Dynamo Mapping also has the capability to generate pixel perfect grid maps for projection systems which are based upon a grid. Examples of these are EPSG:27700 and EPSG:29903. The intention is that the grid maps should be easy to call and interact with.

To enable grid mapping simply register the GridMapRequestMappingHandlerMapping as a spring bean, e.g.

@Bean
public GridMapRequestMappingHandlerMapping gridMap() {
    return new GridMapRequestMappingHandlerMapping();
}

And then on your spring controllers which can respond as WMS's (e.g. ones powered by the MapServerViewResolver) apply the GridMap annotation and configure accordingly. Once done you should have an mvc controller a bit like this:

@GridMap(
    layers={
        @GridLayer(name="10km",     layer=TEN_KM_LAYER_NAME,        resolution=Resolution.TEN_KM),
        @GridLayer(name="2km",      layer=TWO_KM_LAYER_NAME,        resolution=Resolution.TWO_KM),
        @GridLayer(name="1km",      layer=ONE_KM_LAYER_NAME,        resolution=Resolution.ONE_KM),
        @GridLayer(name="100m",     layer=ONE_HUNDRED_M_LAYER_NAME, resolution=Resolution.ONE_HUNDRED_METERS)
    },
    defaultLayer="10km",
    overlays=@Layer(name="feature", layers="Selected-Feature" )
)
@RequestMapping("my-map/{service}")
public ModelAndView getSingleSpeciesModel(...){}

Once enabled, you will get 3 new resources registered, in the above example these will registered at:

• my-map/{service}/map - generates grid map images
• my-map/{service}/legend - generates legends
• my-map/{service}/resolutions - states which image sizes allow for which resolutions

Calling a grid map

Grid Map Parameters

background & overlay [map]

You can add a background and foreground layers to your grid map which don't need to be snapped to a grid. The valid values for this are dictated in the @GridMap annotation. You can provide a simple name for your layer which will be the value supplied when calling. That value can map to one or many of the layers which your wms can generate.
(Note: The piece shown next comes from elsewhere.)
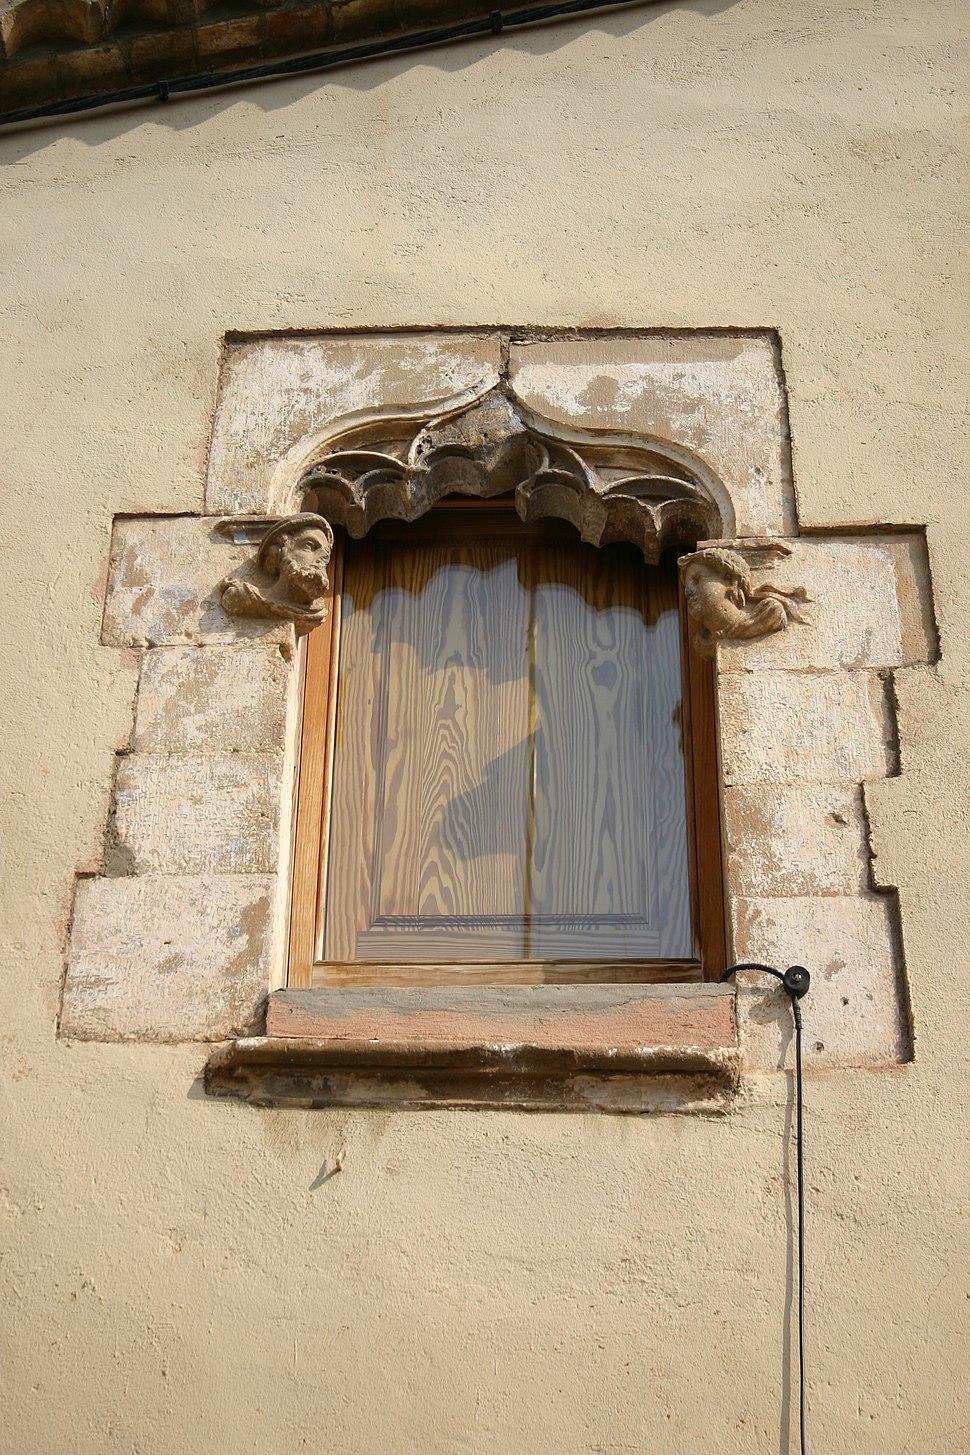 Spain.Hospitalet.Centre.Xipreret.finestrals.gotics.1.jpeg

imagessize - defaults to 10 [map]

Grid map images don't allow you to supply any old height and width parameters. Instead you can optionally supply an imagesize value.

A valid value for the image size parameter is an integer from 1-15 inclusive. Each of these images size produces a fixed resolution image for the viewport to be viewed. The viewport to view is manipulated with the feature and nationalextent parameters. A table of image size to resolution is provided below for the grid map default national extent. Please note that the images in the table below are a third of their actual size.

The image size fills in the wms parameters for HEIGHT and WIDTH

format - defaults to png [map and legend]

The format parameter specifies the type of image which will be generated from the Grid map service, currently there are only three valid outputs. These are:

png - Portable network graphics image gif - Graphics Interchange format jpeg - JPEG image

The format will fill in the WMS parameter FORMAT.

feature & nationalextent [map and resolutions]

The feature and nationalextent parameters change the viewport and epsg code which will be used when rendering the grid map image. If a FeatureResolver is defined as a bean then you will be able to use the feature parameter to dynamically resolve bounding boxes. This is useful if it is unreasonable to specify all of the national extents statically in the grid map annotation.

You can use the nationalextent parameter to focus in on locations specified in the grid map annotation.

The feature parameter takes precedence over nationalextent. Both of these parameters fill in the WMS parameters for SRS and BBOX.

Reading GridMap Images

If you know the grid map request which was used to generate a particular grid map image, you can use the GridMapImage class to process that image and read off which Grid Squares are present and what colour they are.

A fluent api GridMapImageBuilder is also available to simplify this task obtain the grid map image from a deployed GridMap service. If the code which is powering the grid map service is available, you can read off the annotation and supply this to the builder.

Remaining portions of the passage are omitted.